** Activity **
Lines of the listing that contain "Bedroom" need to be copied.

** Data to examine **
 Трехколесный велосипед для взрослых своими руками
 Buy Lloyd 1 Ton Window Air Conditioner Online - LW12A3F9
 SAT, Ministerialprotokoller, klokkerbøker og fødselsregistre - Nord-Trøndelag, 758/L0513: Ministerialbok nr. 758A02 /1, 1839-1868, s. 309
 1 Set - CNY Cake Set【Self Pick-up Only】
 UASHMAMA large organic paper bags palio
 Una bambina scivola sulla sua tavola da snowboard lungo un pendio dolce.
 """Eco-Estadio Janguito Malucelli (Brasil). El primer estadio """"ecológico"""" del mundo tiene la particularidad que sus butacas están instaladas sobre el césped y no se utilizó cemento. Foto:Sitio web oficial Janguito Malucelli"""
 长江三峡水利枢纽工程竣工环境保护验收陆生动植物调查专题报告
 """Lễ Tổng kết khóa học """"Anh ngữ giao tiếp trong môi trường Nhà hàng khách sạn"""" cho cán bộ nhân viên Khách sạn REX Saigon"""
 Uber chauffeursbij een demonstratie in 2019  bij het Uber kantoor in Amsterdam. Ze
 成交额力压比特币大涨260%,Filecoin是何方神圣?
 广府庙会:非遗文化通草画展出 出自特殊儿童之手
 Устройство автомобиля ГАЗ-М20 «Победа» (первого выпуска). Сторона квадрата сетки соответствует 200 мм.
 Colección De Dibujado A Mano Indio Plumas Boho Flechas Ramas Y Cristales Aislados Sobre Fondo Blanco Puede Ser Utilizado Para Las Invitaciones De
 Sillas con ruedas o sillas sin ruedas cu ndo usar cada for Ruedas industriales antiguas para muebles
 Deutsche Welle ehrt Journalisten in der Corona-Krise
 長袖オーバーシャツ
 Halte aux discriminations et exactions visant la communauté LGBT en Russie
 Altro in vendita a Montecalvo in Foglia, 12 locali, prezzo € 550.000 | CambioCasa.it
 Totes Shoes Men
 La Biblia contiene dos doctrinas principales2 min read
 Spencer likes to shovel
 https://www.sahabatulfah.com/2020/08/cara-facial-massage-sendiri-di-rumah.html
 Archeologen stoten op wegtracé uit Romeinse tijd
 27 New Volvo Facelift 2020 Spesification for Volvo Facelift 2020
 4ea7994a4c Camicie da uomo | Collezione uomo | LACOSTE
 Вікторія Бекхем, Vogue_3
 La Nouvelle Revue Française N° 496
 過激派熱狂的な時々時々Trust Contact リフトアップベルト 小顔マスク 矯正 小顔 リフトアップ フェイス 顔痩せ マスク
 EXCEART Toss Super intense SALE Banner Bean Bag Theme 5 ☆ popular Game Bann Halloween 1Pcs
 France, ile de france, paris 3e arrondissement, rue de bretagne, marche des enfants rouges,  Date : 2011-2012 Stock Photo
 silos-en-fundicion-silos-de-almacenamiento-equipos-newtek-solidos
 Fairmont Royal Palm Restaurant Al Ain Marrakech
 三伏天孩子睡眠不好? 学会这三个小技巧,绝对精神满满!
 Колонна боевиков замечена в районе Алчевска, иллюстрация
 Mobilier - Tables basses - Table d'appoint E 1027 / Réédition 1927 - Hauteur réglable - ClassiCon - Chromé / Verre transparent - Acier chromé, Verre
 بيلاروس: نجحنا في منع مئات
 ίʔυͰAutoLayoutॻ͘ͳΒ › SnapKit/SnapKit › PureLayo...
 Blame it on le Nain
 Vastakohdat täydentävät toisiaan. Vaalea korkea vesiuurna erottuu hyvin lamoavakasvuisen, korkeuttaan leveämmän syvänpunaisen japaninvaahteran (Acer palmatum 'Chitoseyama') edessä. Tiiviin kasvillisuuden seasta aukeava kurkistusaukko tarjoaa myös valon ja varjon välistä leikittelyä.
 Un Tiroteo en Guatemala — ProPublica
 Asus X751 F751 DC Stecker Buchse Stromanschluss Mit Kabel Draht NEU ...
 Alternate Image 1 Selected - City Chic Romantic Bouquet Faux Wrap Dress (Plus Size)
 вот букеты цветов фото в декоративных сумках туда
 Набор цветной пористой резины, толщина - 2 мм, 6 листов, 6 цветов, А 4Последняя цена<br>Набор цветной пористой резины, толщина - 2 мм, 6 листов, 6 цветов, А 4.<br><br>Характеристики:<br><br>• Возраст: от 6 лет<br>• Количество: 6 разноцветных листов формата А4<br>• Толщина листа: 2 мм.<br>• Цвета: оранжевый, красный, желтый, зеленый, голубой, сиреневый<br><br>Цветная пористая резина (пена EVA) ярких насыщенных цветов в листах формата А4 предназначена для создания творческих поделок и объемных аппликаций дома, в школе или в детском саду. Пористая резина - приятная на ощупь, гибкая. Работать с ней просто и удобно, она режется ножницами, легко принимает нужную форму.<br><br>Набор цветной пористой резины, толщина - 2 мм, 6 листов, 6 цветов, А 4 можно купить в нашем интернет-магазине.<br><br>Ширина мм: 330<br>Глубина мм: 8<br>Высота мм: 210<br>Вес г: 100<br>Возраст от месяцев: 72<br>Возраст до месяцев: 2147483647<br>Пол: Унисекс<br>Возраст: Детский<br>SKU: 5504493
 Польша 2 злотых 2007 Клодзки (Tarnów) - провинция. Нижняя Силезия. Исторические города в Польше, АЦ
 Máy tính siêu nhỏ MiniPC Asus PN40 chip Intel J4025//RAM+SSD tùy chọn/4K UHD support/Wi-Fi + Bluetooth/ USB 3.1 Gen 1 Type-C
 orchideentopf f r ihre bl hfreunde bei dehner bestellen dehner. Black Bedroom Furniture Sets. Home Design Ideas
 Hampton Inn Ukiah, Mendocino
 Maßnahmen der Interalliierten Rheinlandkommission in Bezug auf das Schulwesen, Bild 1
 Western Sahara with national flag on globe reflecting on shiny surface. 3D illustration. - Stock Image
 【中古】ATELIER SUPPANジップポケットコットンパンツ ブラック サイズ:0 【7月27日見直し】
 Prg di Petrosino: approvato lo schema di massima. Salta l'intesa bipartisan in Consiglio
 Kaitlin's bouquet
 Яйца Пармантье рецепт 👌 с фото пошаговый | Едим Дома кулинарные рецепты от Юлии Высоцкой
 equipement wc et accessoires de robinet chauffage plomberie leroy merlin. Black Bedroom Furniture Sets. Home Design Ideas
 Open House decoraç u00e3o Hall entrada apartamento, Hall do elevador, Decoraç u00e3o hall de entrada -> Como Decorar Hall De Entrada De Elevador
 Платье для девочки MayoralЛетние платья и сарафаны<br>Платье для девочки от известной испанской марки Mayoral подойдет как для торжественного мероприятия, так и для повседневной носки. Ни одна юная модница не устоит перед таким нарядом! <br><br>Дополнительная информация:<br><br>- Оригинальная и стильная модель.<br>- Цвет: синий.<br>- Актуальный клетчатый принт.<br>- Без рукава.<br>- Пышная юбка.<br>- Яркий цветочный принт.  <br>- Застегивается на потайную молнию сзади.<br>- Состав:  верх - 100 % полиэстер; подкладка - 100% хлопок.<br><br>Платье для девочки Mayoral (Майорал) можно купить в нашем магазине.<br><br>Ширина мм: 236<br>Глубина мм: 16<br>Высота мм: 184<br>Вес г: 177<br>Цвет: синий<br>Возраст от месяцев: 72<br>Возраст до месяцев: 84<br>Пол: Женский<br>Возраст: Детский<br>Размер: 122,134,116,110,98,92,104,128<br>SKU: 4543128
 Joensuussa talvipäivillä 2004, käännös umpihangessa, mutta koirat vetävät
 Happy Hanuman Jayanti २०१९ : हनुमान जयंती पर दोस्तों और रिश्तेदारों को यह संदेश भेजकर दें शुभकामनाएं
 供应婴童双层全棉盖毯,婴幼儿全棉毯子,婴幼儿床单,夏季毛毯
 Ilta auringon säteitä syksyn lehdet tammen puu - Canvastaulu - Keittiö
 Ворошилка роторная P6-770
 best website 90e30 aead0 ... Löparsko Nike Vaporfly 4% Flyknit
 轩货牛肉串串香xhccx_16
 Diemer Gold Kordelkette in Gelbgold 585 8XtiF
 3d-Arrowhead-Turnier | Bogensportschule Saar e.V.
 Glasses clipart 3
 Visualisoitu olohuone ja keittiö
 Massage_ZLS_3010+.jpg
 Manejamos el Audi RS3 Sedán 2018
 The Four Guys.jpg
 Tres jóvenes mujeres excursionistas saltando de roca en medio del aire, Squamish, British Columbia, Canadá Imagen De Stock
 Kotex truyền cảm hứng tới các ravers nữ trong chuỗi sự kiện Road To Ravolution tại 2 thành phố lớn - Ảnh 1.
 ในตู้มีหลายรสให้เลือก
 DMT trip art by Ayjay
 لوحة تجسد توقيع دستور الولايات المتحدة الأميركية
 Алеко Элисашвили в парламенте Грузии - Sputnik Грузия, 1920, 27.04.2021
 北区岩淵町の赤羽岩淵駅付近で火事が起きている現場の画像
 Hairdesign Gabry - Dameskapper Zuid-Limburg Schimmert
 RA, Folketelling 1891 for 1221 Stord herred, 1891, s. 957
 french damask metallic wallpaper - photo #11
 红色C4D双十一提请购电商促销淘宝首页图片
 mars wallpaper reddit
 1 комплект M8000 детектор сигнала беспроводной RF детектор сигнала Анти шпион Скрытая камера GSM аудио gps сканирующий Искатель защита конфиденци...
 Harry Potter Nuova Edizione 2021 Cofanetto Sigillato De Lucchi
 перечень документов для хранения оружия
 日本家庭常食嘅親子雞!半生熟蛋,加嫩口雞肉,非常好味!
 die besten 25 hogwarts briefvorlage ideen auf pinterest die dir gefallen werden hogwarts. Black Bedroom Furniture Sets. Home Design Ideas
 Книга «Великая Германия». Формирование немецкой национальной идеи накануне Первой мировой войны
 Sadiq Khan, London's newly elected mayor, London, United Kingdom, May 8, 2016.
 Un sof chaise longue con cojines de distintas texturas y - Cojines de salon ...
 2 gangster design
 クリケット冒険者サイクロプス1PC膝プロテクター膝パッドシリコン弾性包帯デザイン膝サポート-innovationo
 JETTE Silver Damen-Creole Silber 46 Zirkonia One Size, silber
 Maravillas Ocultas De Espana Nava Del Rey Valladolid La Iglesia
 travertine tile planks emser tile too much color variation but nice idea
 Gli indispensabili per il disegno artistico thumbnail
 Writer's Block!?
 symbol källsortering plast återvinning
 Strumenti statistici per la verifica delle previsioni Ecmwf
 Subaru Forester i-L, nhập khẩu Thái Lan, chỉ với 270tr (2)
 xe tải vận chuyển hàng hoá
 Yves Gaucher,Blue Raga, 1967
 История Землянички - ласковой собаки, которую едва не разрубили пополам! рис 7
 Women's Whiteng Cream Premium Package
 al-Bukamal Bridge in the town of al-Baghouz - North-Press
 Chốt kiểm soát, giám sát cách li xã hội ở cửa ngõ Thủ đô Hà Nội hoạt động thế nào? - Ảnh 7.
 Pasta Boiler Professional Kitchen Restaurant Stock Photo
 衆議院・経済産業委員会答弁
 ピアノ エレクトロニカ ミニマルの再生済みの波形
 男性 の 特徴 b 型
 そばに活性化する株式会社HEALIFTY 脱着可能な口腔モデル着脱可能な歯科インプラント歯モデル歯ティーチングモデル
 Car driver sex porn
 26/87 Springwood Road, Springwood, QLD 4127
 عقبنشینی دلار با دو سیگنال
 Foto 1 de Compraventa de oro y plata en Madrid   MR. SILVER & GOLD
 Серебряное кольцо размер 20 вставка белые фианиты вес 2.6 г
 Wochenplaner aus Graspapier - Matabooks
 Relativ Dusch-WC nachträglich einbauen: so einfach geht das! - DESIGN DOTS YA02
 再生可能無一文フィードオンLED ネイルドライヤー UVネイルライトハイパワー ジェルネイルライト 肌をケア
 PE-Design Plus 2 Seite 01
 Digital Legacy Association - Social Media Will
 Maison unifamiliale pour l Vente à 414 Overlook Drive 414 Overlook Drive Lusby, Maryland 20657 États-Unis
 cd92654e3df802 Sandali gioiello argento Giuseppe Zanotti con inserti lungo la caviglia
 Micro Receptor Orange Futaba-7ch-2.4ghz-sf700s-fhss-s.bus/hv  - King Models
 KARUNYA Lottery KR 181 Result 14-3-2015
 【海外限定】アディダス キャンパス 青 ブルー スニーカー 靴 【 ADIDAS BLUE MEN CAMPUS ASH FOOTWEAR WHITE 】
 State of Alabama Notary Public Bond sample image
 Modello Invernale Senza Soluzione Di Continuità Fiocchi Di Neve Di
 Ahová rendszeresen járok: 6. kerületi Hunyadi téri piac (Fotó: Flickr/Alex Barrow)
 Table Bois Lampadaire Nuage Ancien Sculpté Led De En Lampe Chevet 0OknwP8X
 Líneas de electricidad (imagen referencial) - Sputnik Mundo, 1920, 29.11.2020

** Problem solution **
 orchideentopf f r ihre bl hfreunde bei dehner bestellen dehner. Black Bedroom Furniture Sets. Home Design Ideas
 equipement wc et accessoires de robinet chauffage plomberie leroy merlin. Black Bedroom Furniture Sets. Home Design Ideas
 die besten 25 hogwarts briefvorlage ideen auf pinterest die dir gefallen werden hogwarts. Black Bedroom Furniture Sets. Home Design Ideas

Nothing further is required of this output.